There followed a heated conversation between the brothers in Old Irish, only a tiny fragment of which Denny could understand. Eventually, though, an amicable and indeed amusing consensus seemed to have been reached.
‘What are you so giddy about?’ said Denny, leaning in and wanting to join the fun.
‘I was just saying,’ said Jeremiah, ‘that you have a most unique voice.’
‘Oh dear,’ said Breffny, pressing a knuckle into a swollen wet eye. ‘Yes. You’ll be all right for this concert. Jeremiah will do a fine job for you.’
***
Denny went back to his apartment with the goblin men’s laughter ringing in his ears. It continued to bother him through the day. He did not like that these indeterminately young persons had cheeked him, their de facto employer, and he especially did not like that he had not had a plan in place.

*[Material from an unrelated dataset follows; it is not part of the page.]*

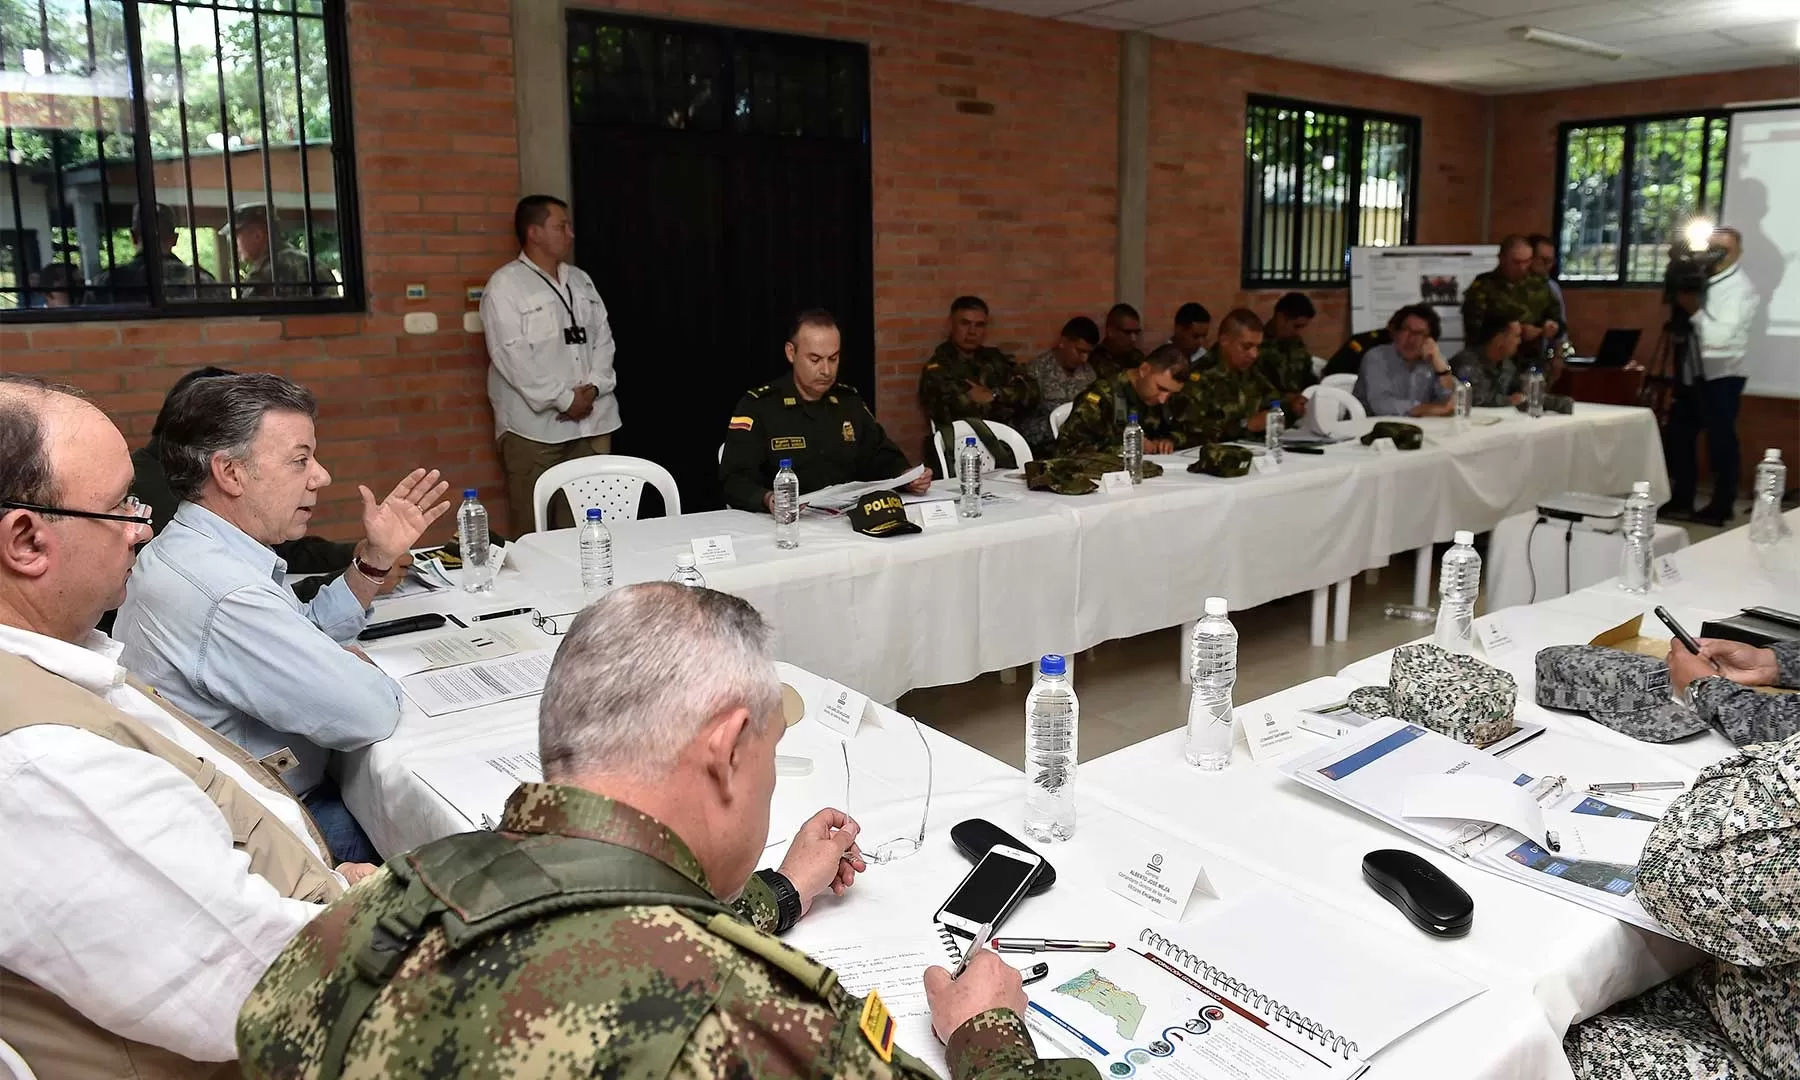 En Arauquita el Presidente Juan Manuel Santos lideró este jueves un Consejo de Seguridad, le acompaña el Ministro de Defensa, Luis Carlos Villegas. Foto: César Carrión - SIG.
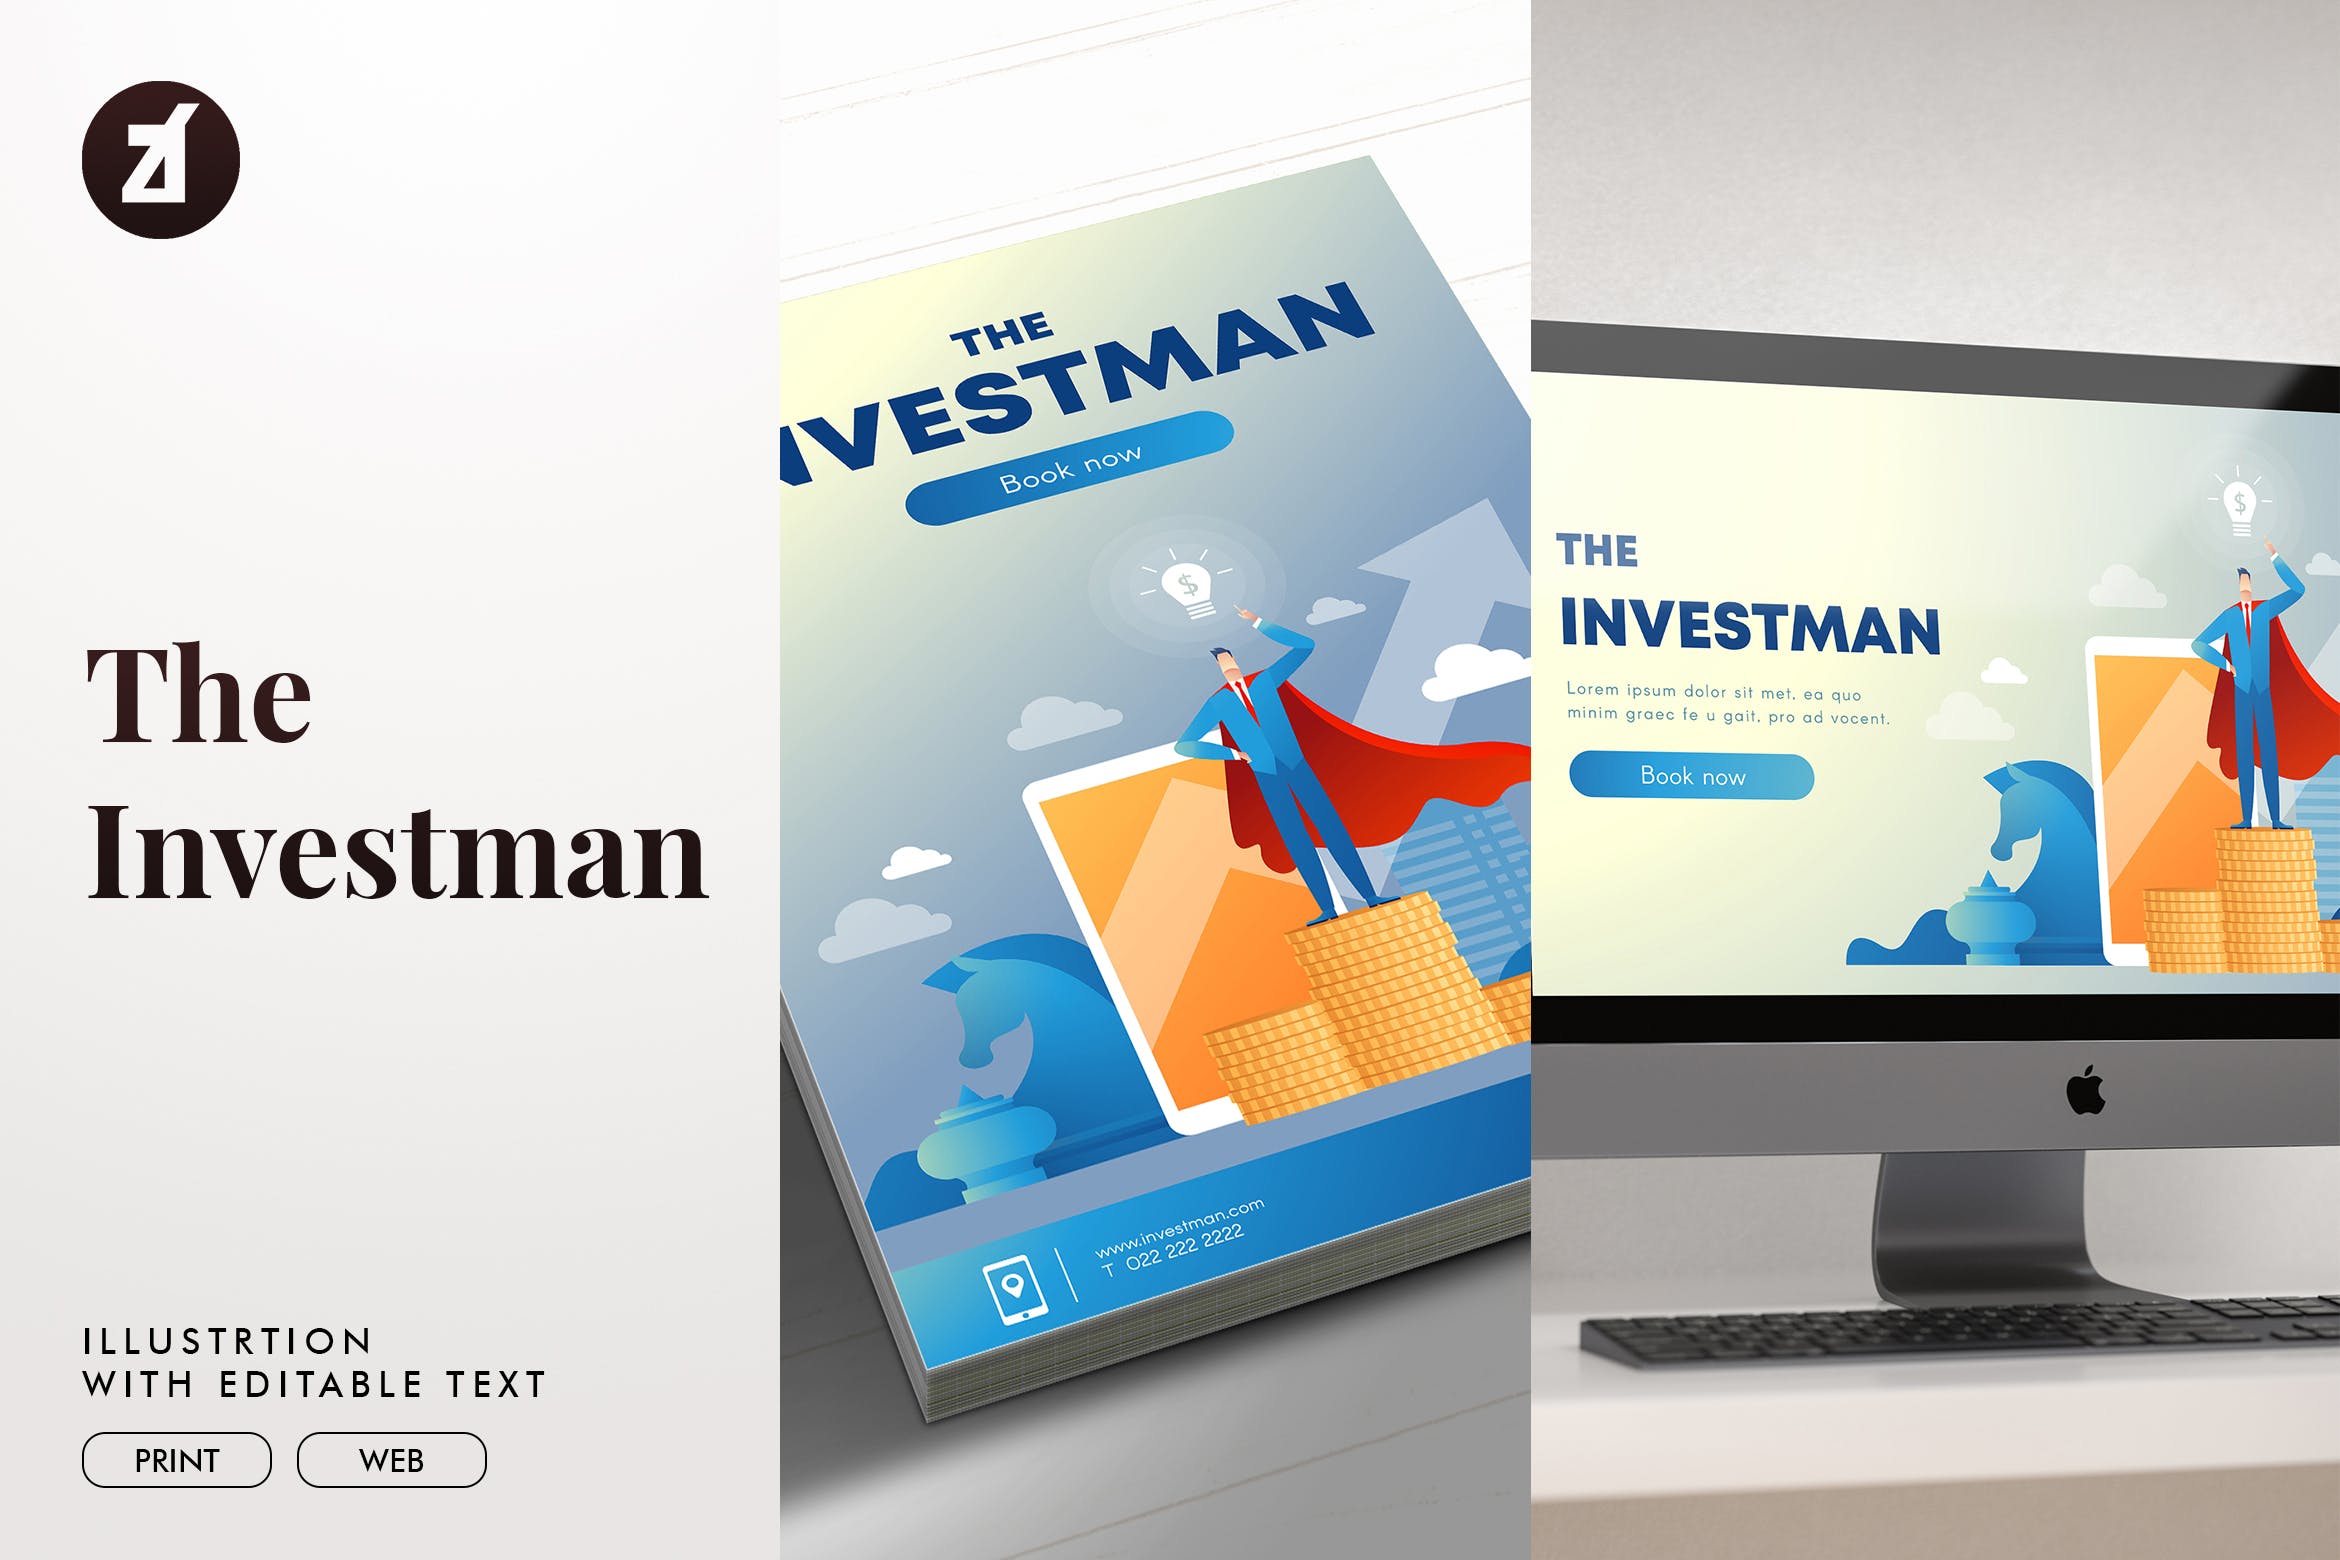 投资者主题矢量第一素材精选概念插画素材 The investman illustration with text layout插图

Oh to hell with the idea, he thought. They would use this woman’s accompanist or they would sing unaccompanied: that was always the plan.
There was never a plan.
Drat it, Aisling.
He was alone again, in his living room, with no piano taking up space, no piano to walk around. An imprint, buffed at the edges, soaked wet in one corner, marked the site on the carpet.
‘Bit!’ he cried.
The brothers saw things more clearly than he did. Poor Jeremiah, Jeremiah who was so awesome and pitiful, he was not so pitiful that he could not speak the truth as he heard it. And he had heard it with his own ears: Denny could not sing above or below one note. Jeremiah might tell him which note. The D flat of the cuckoo. Worse — the gargle of the magpie.
Denny could not sing. He had a stone in his throat. He could not sing: say it loud, he said to himself. He was saying it, he thought. There is no one here to hear it.
‘Bit!’ he cried again.
That is saying it.
And so. The plan was.
Bitching heat.
‘Blasted heat!’
The plan had been.
Simply this. To sing again before his time ran out. To clear his throat of that stone. Not much more thought-through than that. He would enlist his friend, Clive. (Clive? Really?) And somebody else, the somebody else who happened to be the boy with the ill-fitting hemispheres for a head.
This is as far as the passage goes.